Initially, monkeys were trained to understand the work/reward value of each rewarded stimulus by running a discrimination test for each stimulus against an unrewarded single response stimulus (which changed for each new rewarded stimulus). Selecting a rewarded stimulus caused a 350 Hz response tone to be presented for 250 ms and both stimuli to be extinguished, followed by the reappearance of the chosen stimulus 500 ms later at a random location on the screen. This would then be repeated (stimulus touched, response tone, stimulus extinguished, stimulus reappearance at new location) up to the number of times assigned for that stimulus until the final response, the selection of which resulted in the reward being delivered along with the presentation of a second, reward tone (500 Hz for 250 ms). After 50 trials of correctly choosing the rewarded stimulus with a particular set of stimuli, the monkeys were moved onto a new pair. The association between each discrete stimulus and its work/reward ratio was kept constant throughout the study. During all types of testing, animals were always presented with the same pair of stimuli throughout the session. In total, animals were taught ten pairs of stimuli, though only seven were subsequently used during cost/benefit decision making test phrase.

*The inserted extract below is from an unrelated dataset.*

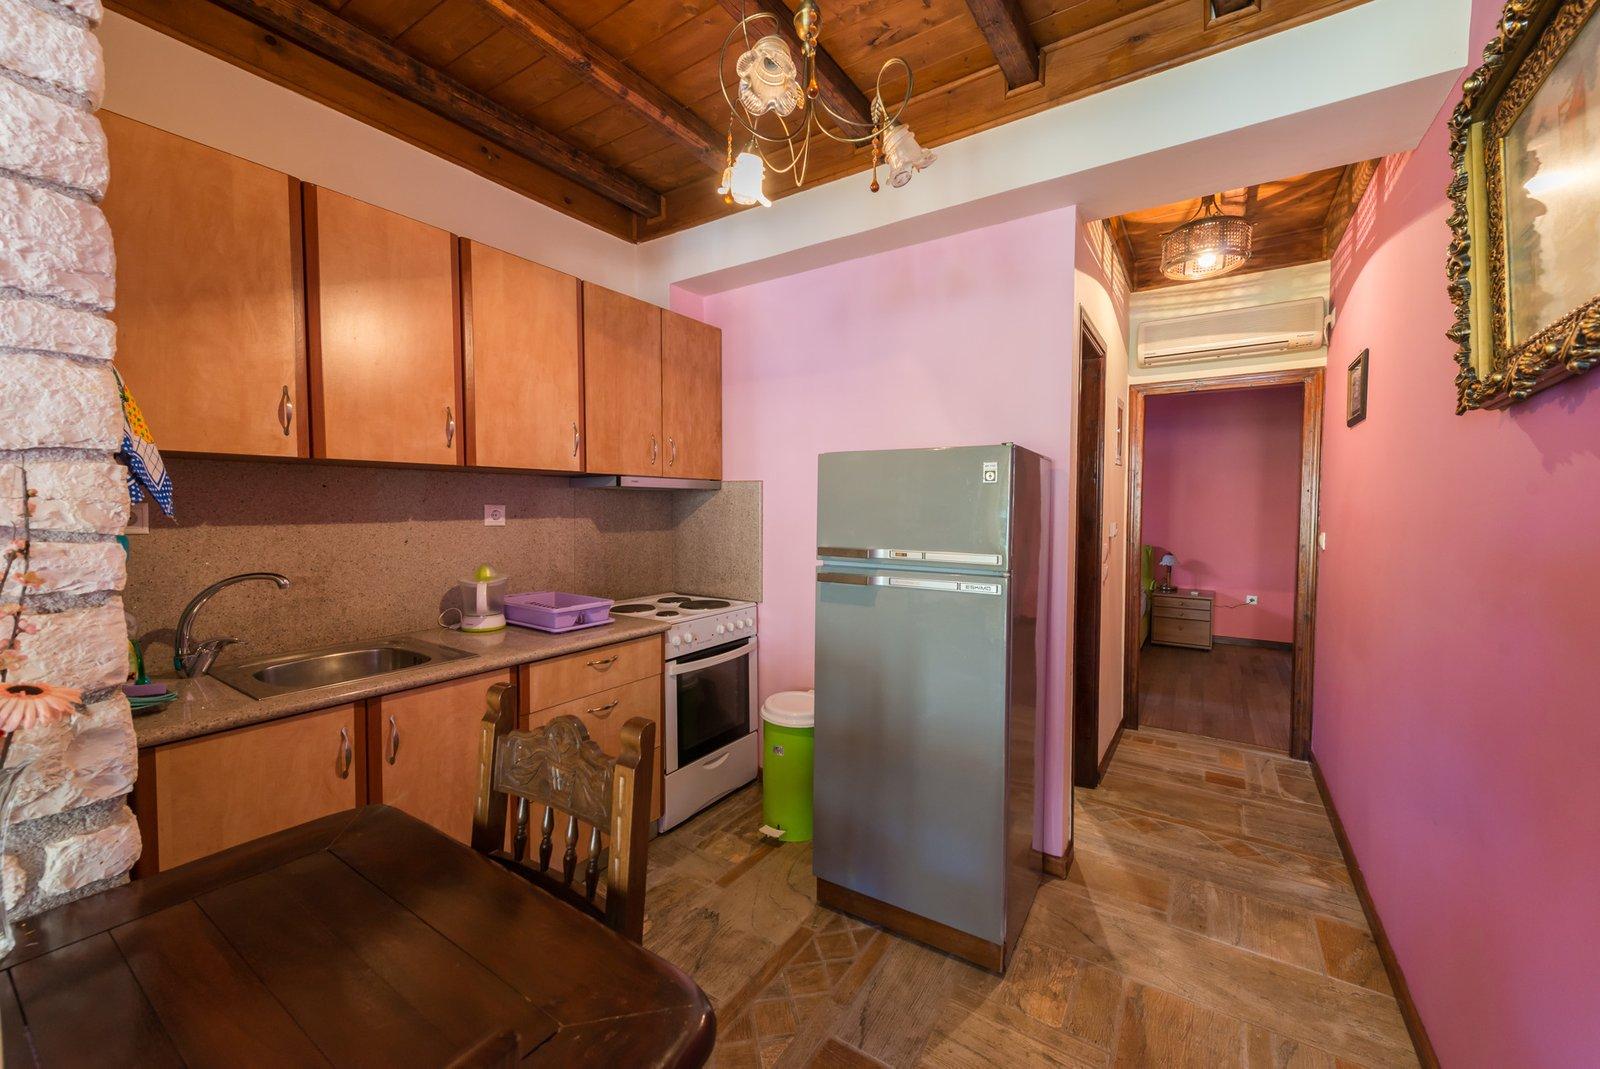 Laertis kitchen

Once they had learned all of the rewarded stimuli, the animals commenced the test phase of the task. This was very similar to the training phase except that the decision was now between a pair of two rewarded stimuli that both varied in their associated response quotient and reward size. The stimulus with the greater reward size was termed the high reward stimulus (HR), the other the low reward stimulus (LR) [in the case when the reward was equal - 4 presses for 2 rewards (4/2) versus 2 presses for 2 rewards (2/2) - the 2/2 was termed the LR to allow for consistency between other choice pairs where the 2/2 stimulus was also the LR]. Two of the choice pairs varied in only one dimension (i.e., either both stimuli entailed the same work cost, but one resulted in twice the reward than the other, or both had the same reward outcome, but one required twice the work as the other) and hence had a “correct” optimal answer based on simple comparison between the work cost or reward magnitude of the two stimuli; however, the stimuli in the other pair differed in both the work and reward size and therefore required the integration of the costs and benefits to guide action choice. Selection of a particular stimulus caused the alternative immediately to disappear, thus committing the animals to a particular course of action.

Before receiving choice trials with a particular pair of stimuli, monkeys were required to complete 40 consecutive forced trials in which only the HR or LR was presented in isolation (20 for each stimulus in a pair, the side of presentation being varied pseudo-randomly). As with the rat operant testing, sessions of choice trials also contained forced trials. Choice testing always commencing with 4 successive forced trials and subsequently there were 2 forced trials (1 HR, 1 LR, presented pseudo-randomly left or right) for every 4 choice ones. Owing to the different reward sizes, the number of trials per day was varied such that the monkeys would not receive more than ∼120 rewards if they chose the HR throughout. The monkeys were tested with a particular pair of stimuli for 44 choice trials until behavior stabilized (meaning that performance was within ± 10% for at least 4 out of 5 consecutive sets of 11 choice trials) or, if their pattern of responses was variable, until they had completed 99 choice trials.

Results and Discussion

When there was a correct answer (choice pairs 1 and 2), all the monkeys chose the option which either lead to higher reward or required less work on almost all choice trials (Figure 3b). The fact that the same 2/2 stimulus was rejected with when paired against a 2/4 stimulus but selected when paired against a 4/2 stimulus indicates that all animals were selecting their options based on a comparison between the work/reward ratio of each pair of stimuli rather than by learning fixed stimulus preferences.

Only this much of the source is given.